Treatment

Changing your sleep habits and addressing any issues that may be associated with insomnia, such as stress, medical conditions or medications, can restore restful sleep for many people. If these measures don't work, your doctor may recommend cognitive behavioral therapy, medications or both, to help improve relaxation and sleep.

Cognitive behavioral therapy for insomnia

Cognitive behavioral therapy for insomnia (CBT-I) can help you control or eliminate negative thoughts and actions that keep you awake and is generally recommended as the first line of treatment for people with insomnia. Typically, CBT-I is equally or more effective than sleep medications.

The cognitive part of CBT-I teaches you to recognize and change beliefs that affect your ability to sleep. It can help you control or eliminate negative thoughts and worries that keep you awake. It may also involve eliminating the cycle that can develop where you worry so much about getting to sleep that you can't fall asleep.

The behavioral part of CBT-I helps you develop good sleep habits and avoid behaviors that keep you from sleeping well. Strategies include, for example:

  • Stimulus control therapy. This method helps remove factors that condition your mind to resist sleep. For example, you might be coached to set a consistent bedtime and wake time and avoid naps, use the bed only for sleep and sex, and leave the bedroom if you can't go to sleep within 20 minutes, only returning when you're sleepy.
  • Relaxation techniques. Progressive muscle relaxation, biofeedback and breathing exercises are ways to reduce anxiety at bedtime. Practicing these techniques can help you control your breathing, heart rate, muscle tension and mood so that you can relax.
  • Sleep restriction. This therapy decreases the time you spend in bed and avoids daytime naps, causing partial sleep deprivation, which makes you more tired the next night. Once your sleep has improved, your time in bed is gradually increased.
  • Remaining passively awake. Also called paradoxical intention, this therapy for learned insomnia is aimed at reducing the worry and anxiety about being able to get to sleep by getting in bed and trying to stay awake rather than expecting to fall asleep.
  • Light therapy. If you fall asleep too early and then awaken too early, you can use light to push back your internal clock. You can go outside during times of the year when it's light outside in the evenings, or you can use a light box. Talk to your doctor about recommendations.

Your doctor may recommend other strategies related to your lifestyle and sleep environment to help you develop habits that promote sound sleep and daytime alertness.

Prescription medications

Prescription sleeping pills can help you get to sleep, stay asleep or both.
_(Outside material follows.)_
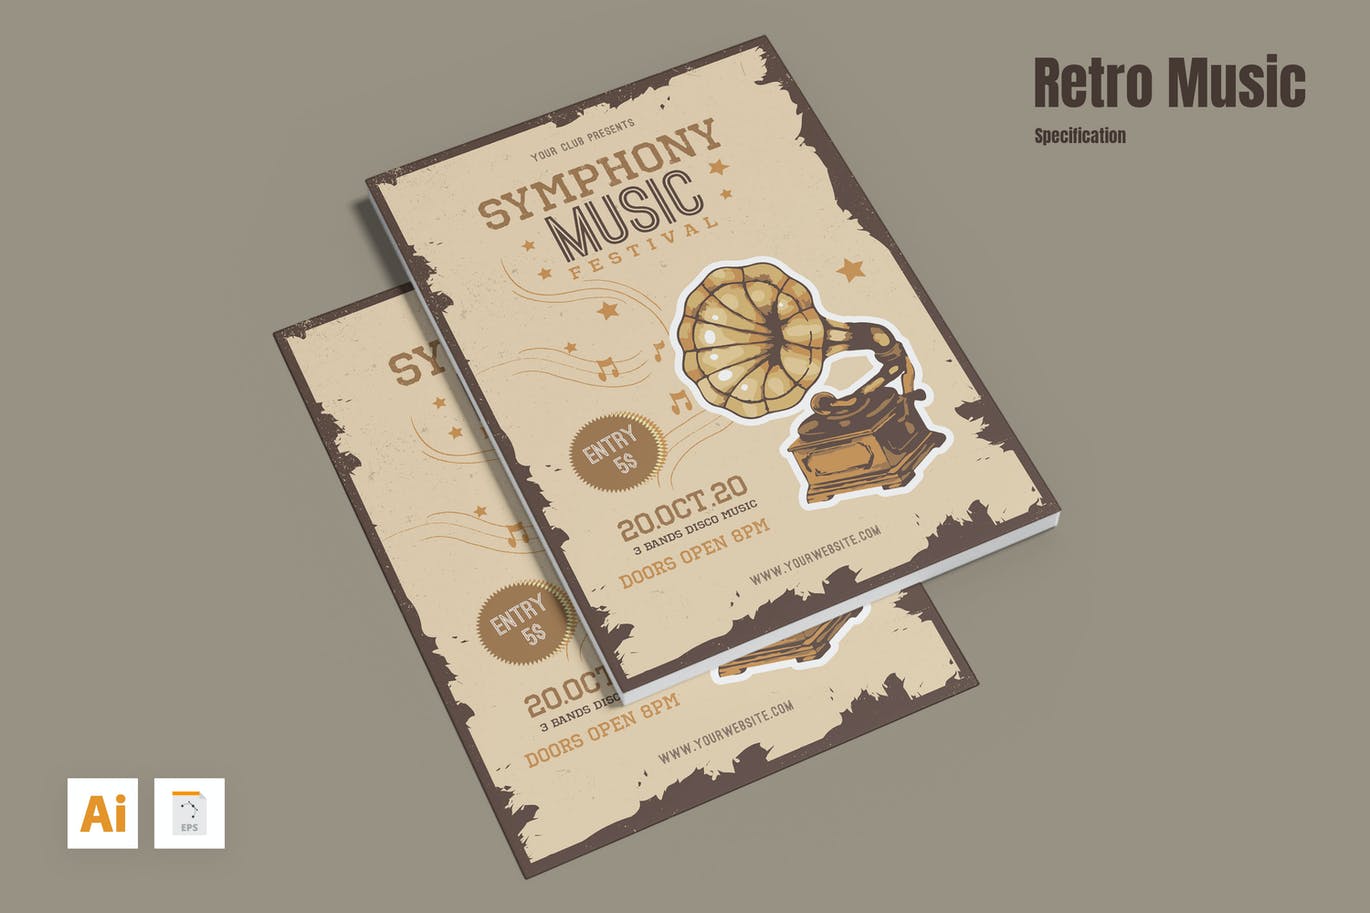 复古音乐宣传单模板 Retro Music Flyer 设计素材 第1张

Doctors generally don't recommend relying on prescription sleeping pills for more than a few weeks, but several medications are approved for long-term use.

Examples include:

  • Eszopiclone (Lunesta)
  • Ramelteon (Rozerem)
  • Zaleplon (Sonata)
  • Zolpidem (Ambien, Edluar, Intermezzo, Zolpimist)

Prescription sleeping pills can have side effects, such as causing daytime grogginess and increasing the risk of falling, or they can be habit-forming, so talk to your doctor about these medications and other possible side effects.

Over-the-counter sleep aids

Nonprescription sleep medications contain antihistamines that can make you drowsy, but they're not intended for regular use. Talk to your doctor before you take these, as antihistamines may cause side effects, such as daytime sleepiness, dizziness, confusion, cognitive decline and difficulty urinating, which may be worse in older adults.

Alternative medicine

Many people never visit their doctor for insomnia and try to cope with sleeplessness on their own. Although in many cases safety and effectiveness have not been proved, some people try therapies such as:

  • Melatonin. This over-the-counter (OTC) supplement is marketed as a way to help overcome insomnia. It's generally considered safe to use melatonin for a few weeks, but no convincing evidence exists to prove that melatonin is an effective treatment for insomnia, and the long-term safety is unknown.
  • Valerian. This dietary supplement is sold as a sleep aid because it has a mildly sedating effect, although it hasn't been well-studied. Discuss valerian with your doctor before trying it. Some people who have used high doses or used it long term may have had liver damage, although it's not clear if valerian caused the damage.
  • Acupuncture. There's some evidence that acupuncture may be beneficial for people with insomnia, but more research is needed. If you choose to try acupuncture along with your conventional treatment, ask your doctor how to find a qualified practitioner.
  • Yoga or tai chi. Some studies suggest that the regular practice of yoga or tai chi can help improve sleep quality.
  • Meditation. Several small studies suggest that meditation, along with conventional treatment, may help improve sleep and reduce stress.

Caution regarding herbal and dietary sleep aids

Because the Food and Drug Administration does not mandate that manufacturers show proof of effectiveness or safety before marketing dietary supplement sleep aids, talk with your doctor before taking any herbal supplements or other OTC products. Some products can be harmful and some can cause harm if you're taking certain medications.